Anyway, one of his best students and proteges was Anna Maria della Pieta, a violin virtuoso who stayed at the orphanage as a performer and teacher her whole life and apparently drew in crowds of tourists just to hear her play. Vivaldi wrote a lot of pieces specifically for her to perform, like these. But the wiki page mentions she was a composer as well, and so I really wanted to hear some of her work, but I'm struggling to find anything by her instead of things written by Vivaldi for her.

Part of the problem could be her being an orphan she was given her surname by the orphanage, and was also known as Anna Maria della Violin due to the practice of naming instruments that they were best at, but due to her talent she's apparently also recorded as Anna Maria della Oboe, Cello etc...

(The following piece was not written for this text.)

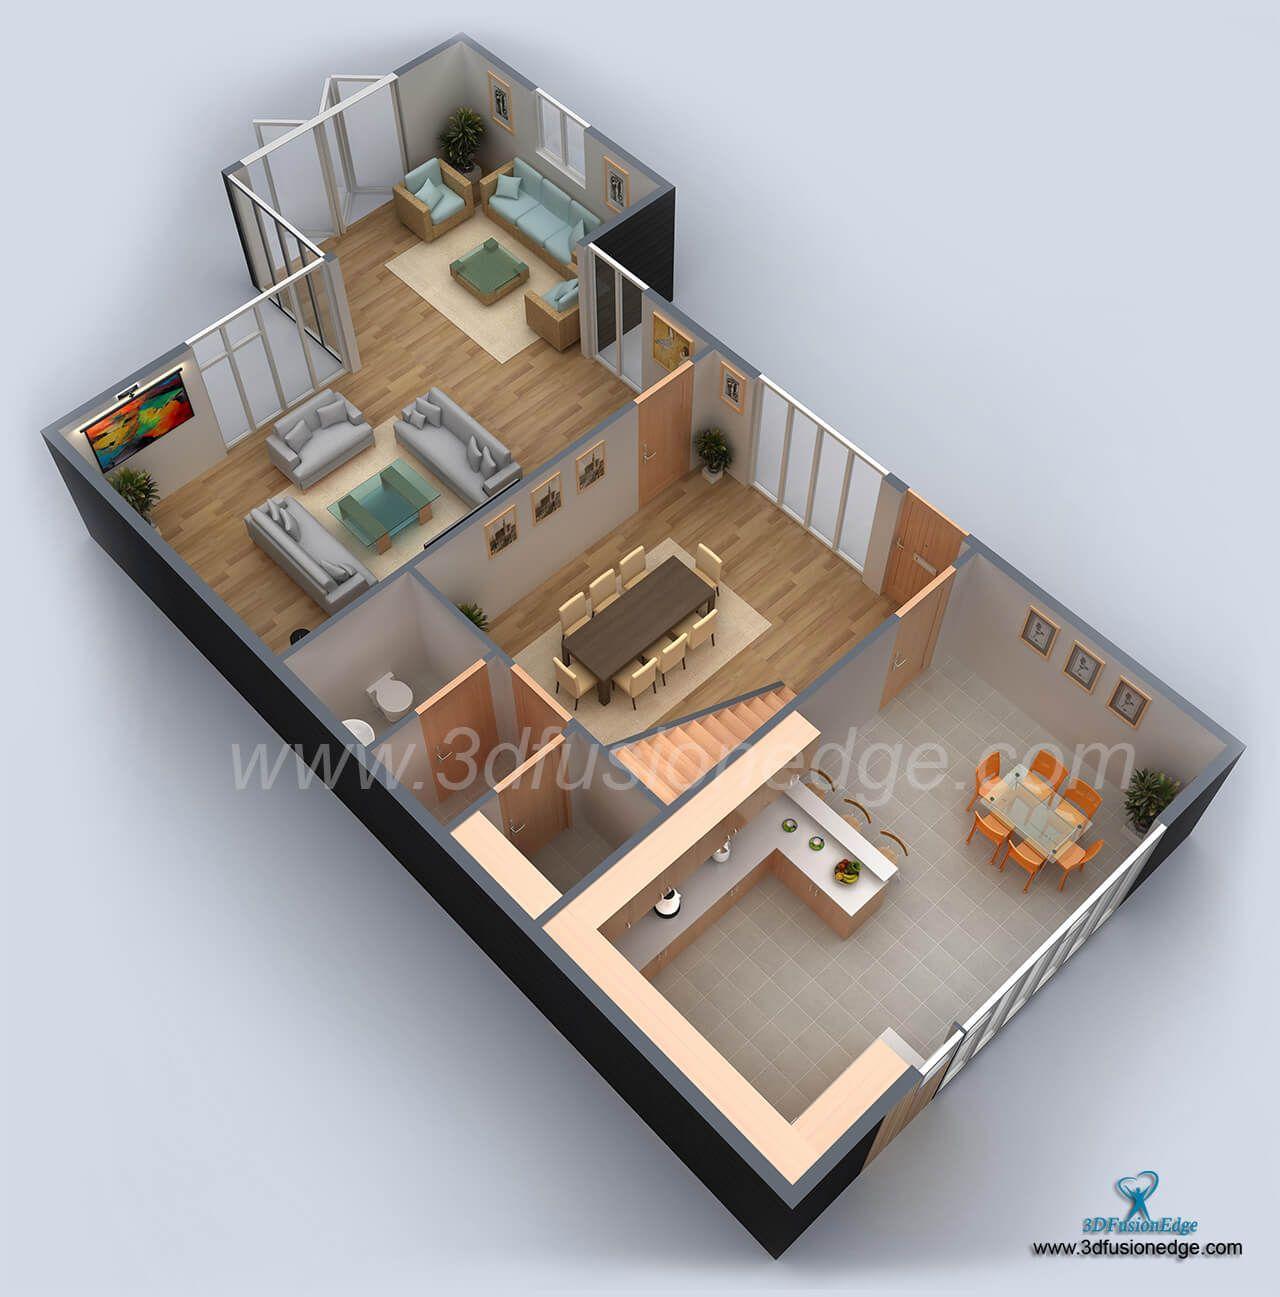 3d Floor Plan Virtual Presentation Architectural Floor Plans Floor Plans Sims House Design

I did find this, which is purportedly cadenzas from her notebook, but the comments seem to indicate that nobody knows if she wrote them copied them as part of some school exercise. So it might be a long shot, but does anybody know if there are any works definitely attributed to her?


----------



## Hoopyfrood (May 7, 2022)

Edward Givens said:


> I noticed some papers linked from her wikipedia page. Maybe in there?
> 
> You might consider contacting A baroque violinist - Monica Huggett maybe, or Andrew Manze. You never know who might be approachable - it's certainly an interesting topic. I could totally believe the candenzas are hers - in the renaissance (more my area) musicians absolutely wrote out their ornaments.
> 
> Good luck


OK thanks, maybe I'll look them up.


----------